▶ **Data segment**:
▽
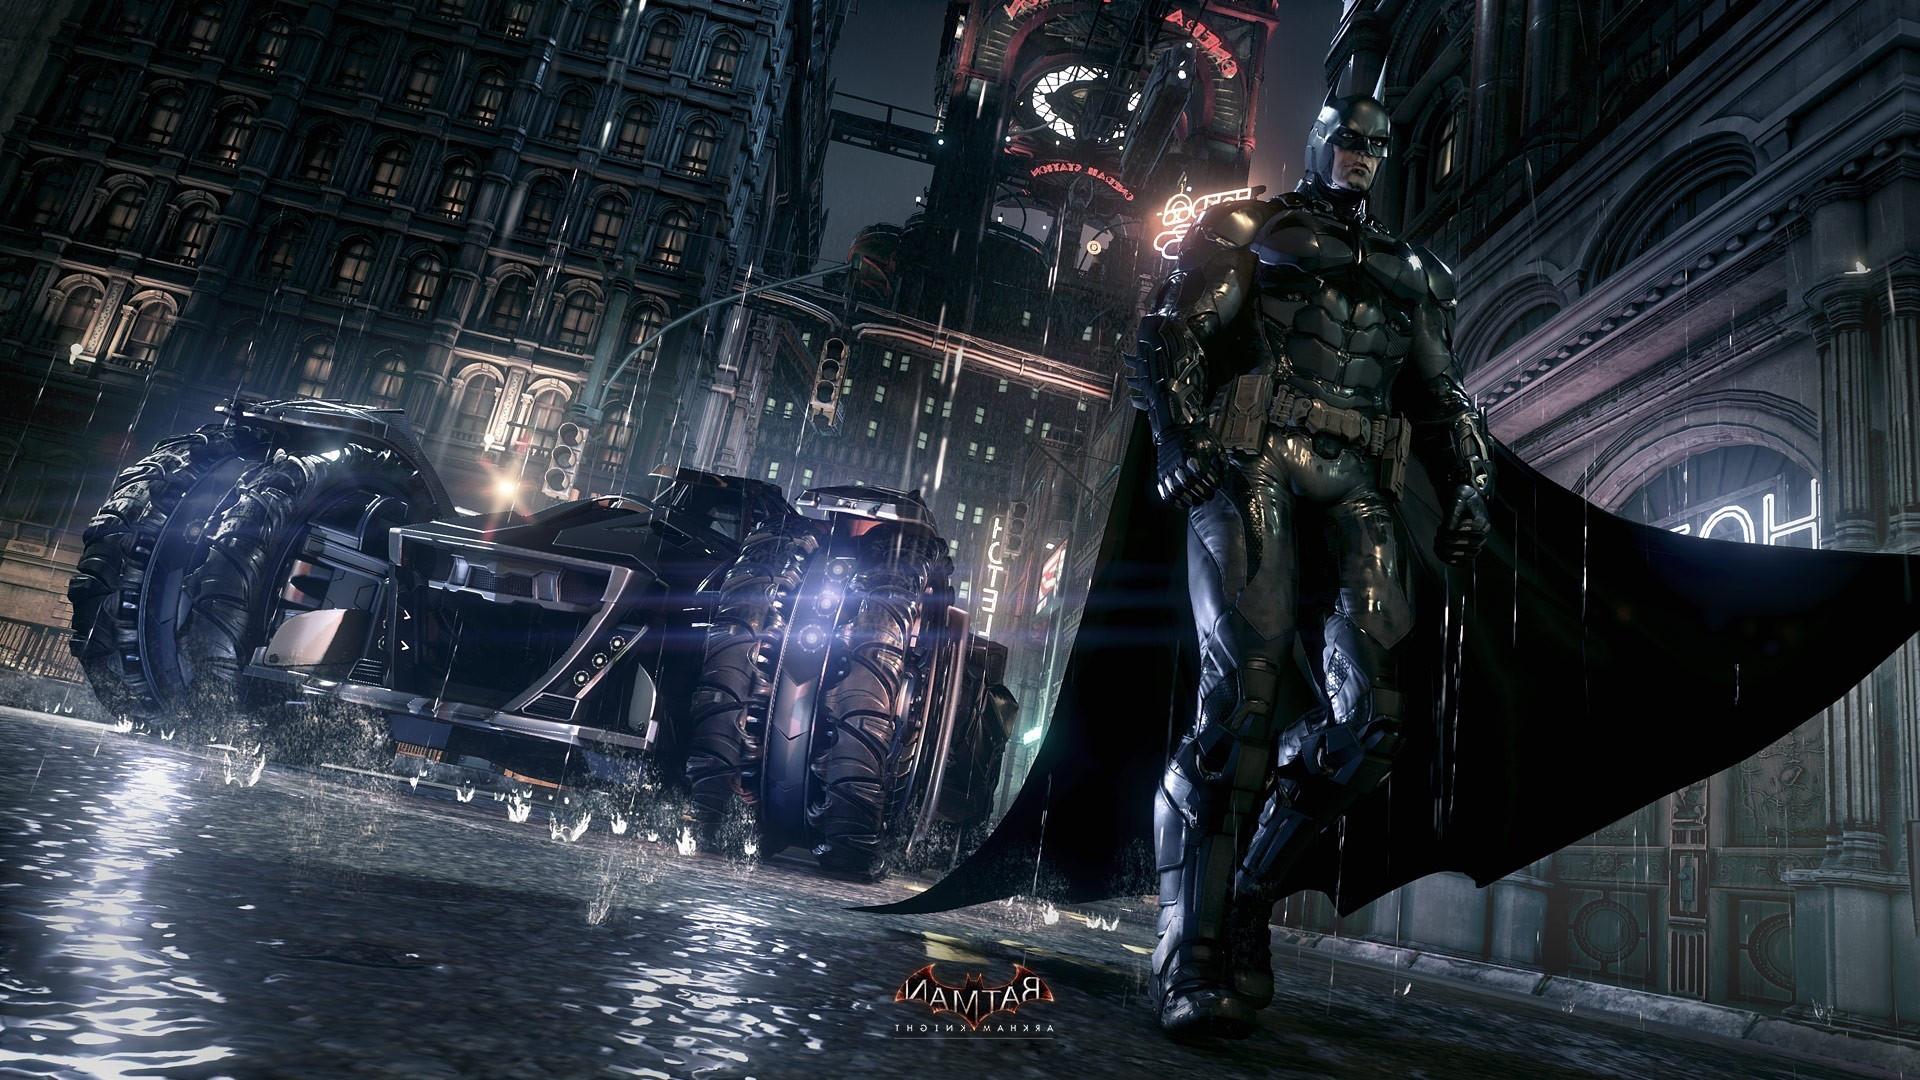 138 Batman Arkham Knight Hd Wallpapers Backgrounds Wallpaper Bat
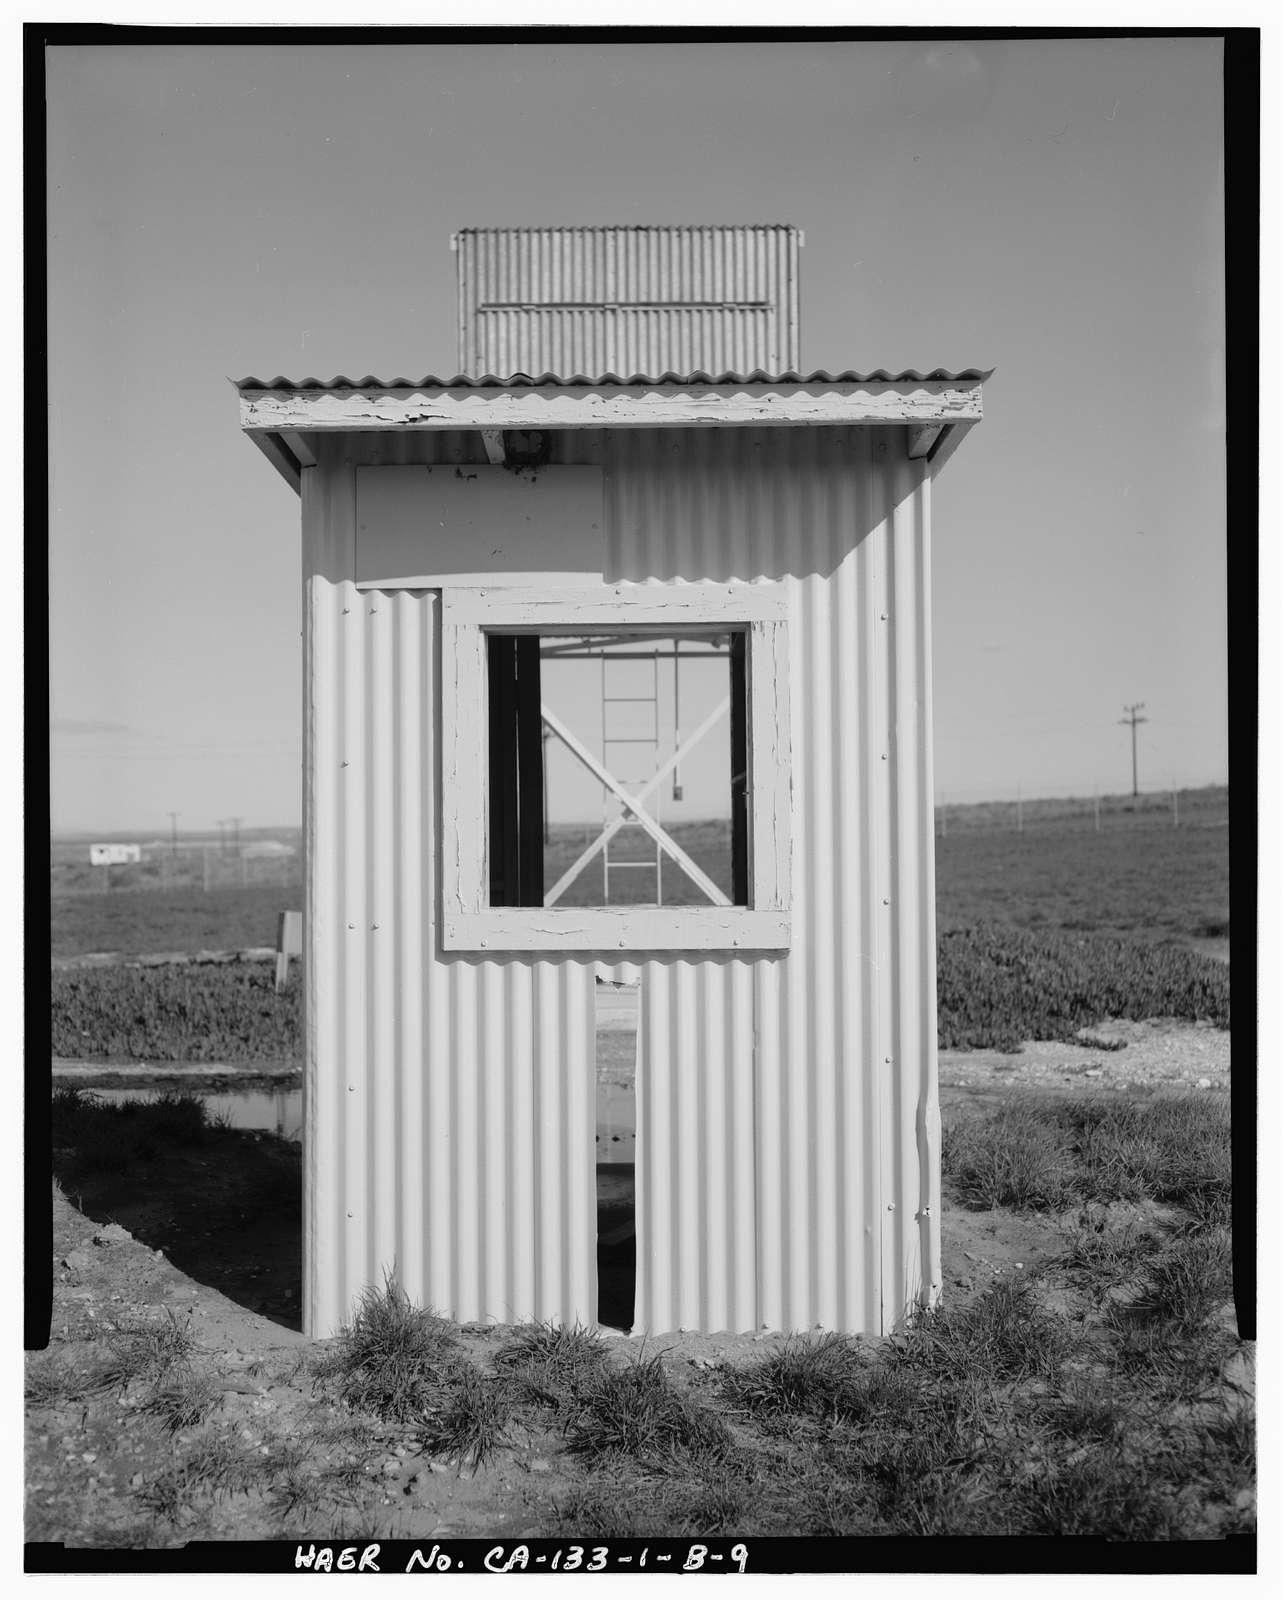 Vandenberg Air Force Base, Space Launch Complex 3, Launch Pad 3 East, Napa & Alden Roads, Lompoc, Santa Barbara County, CA
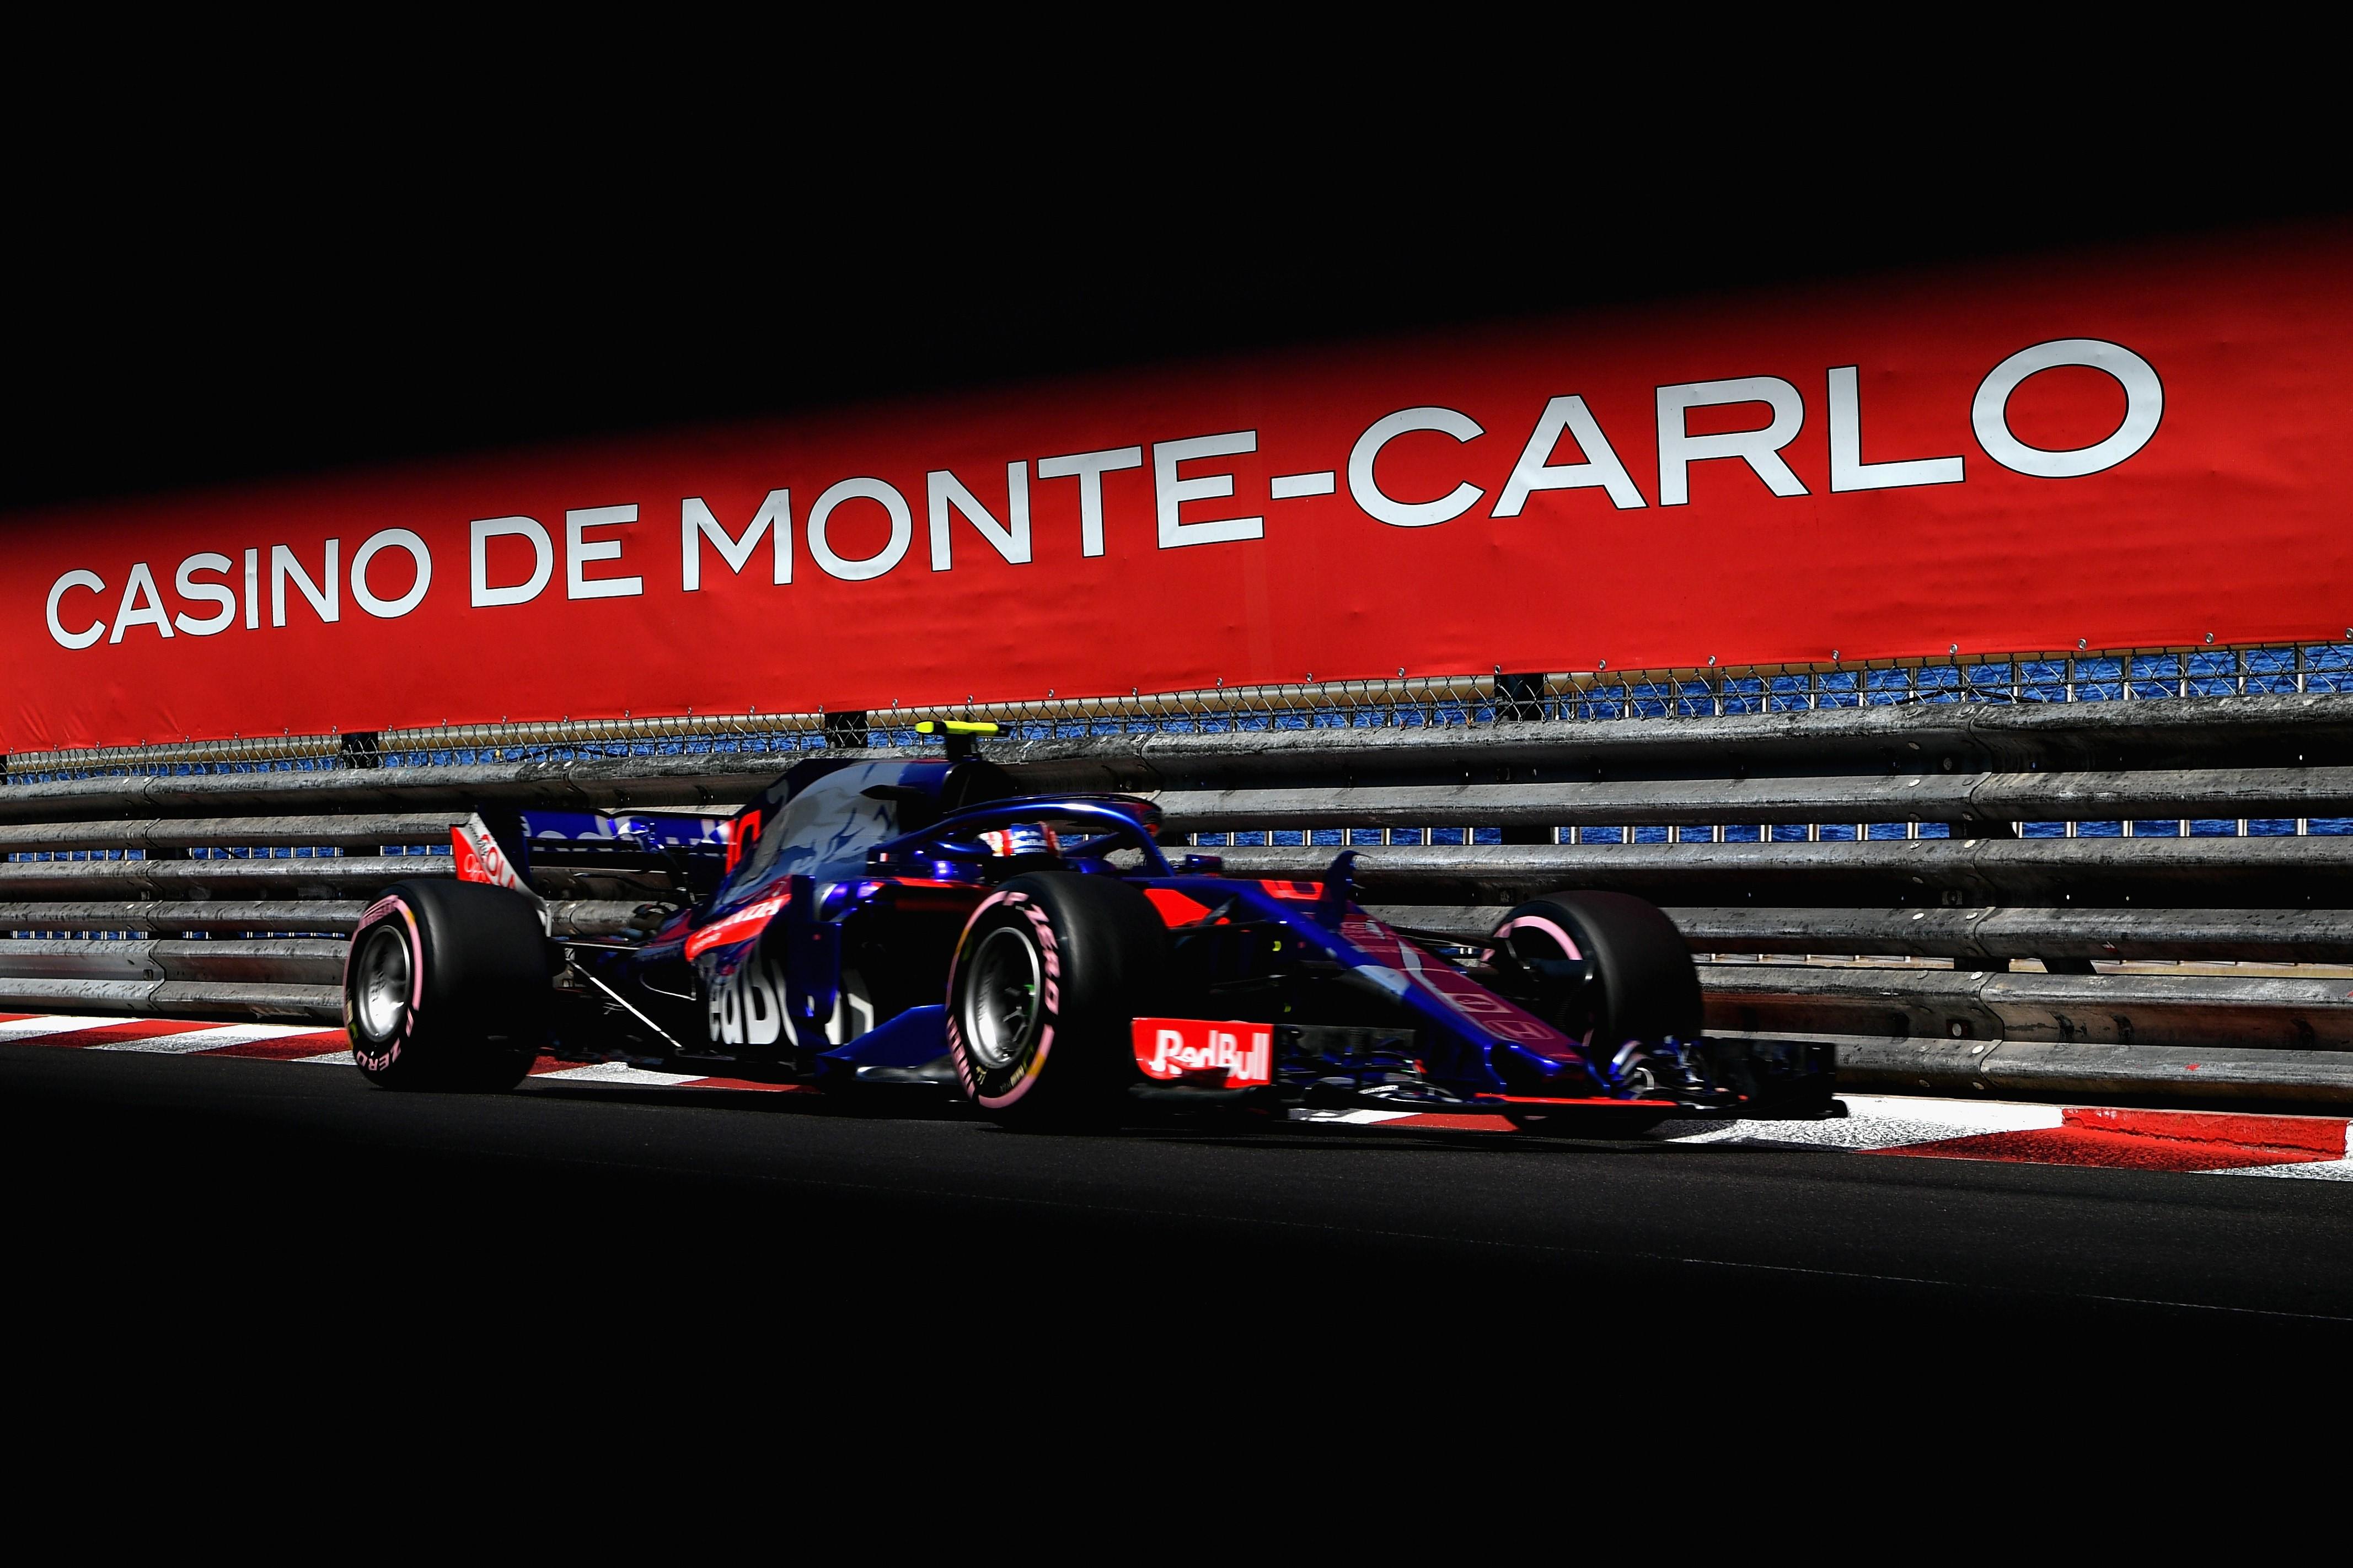 Pierre Gasly (Toro Rosso) au Grand Prix de Monaco 2018
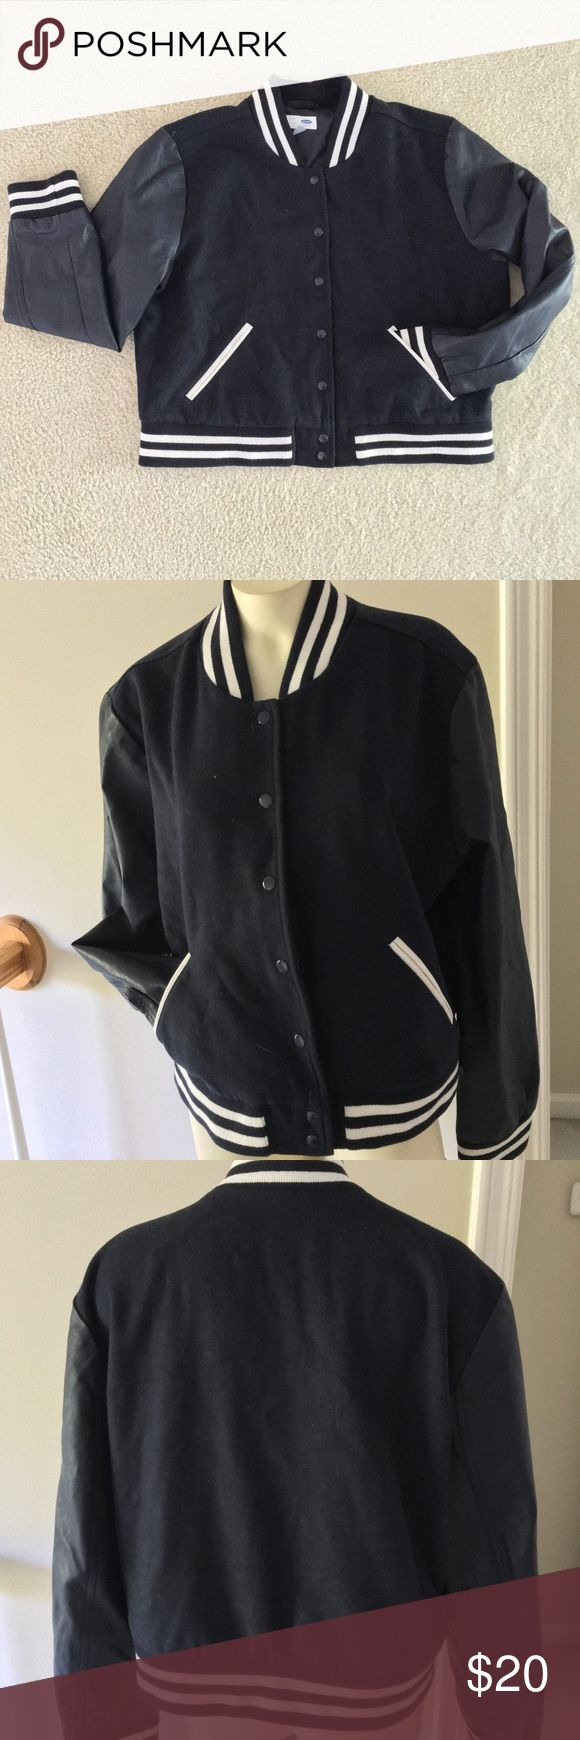 Selling this Varsity Letterman Jacket🍂 on Poshmark! My username is: thisbrightstar. #shopmycloset #poshmark #fashion #shopping #style #forsale #Old Navy #Jackets & Blazers
△
Only the lines from the one containing "Vandenberg Air Force" through the last line of the data may appear in the answer, each given again exactly and with pictures left out.

 Vandenberg Air Force Base, Space Launch Complex 3, Launch Pad 3 East, Napa & Alden Roads, Lompoc, Santa Barbara County, CA
 Pierre Gasly (Toro Rosso) au Grand Prix de Monaco 2018
 Selling this Varsity Letterman Jacket🍂 on Poshmark! My username is: thisbrightstar. #shopmycloset #poshmark #fashion #shopping #style #forsale #Old Navy #Jackets & Blazers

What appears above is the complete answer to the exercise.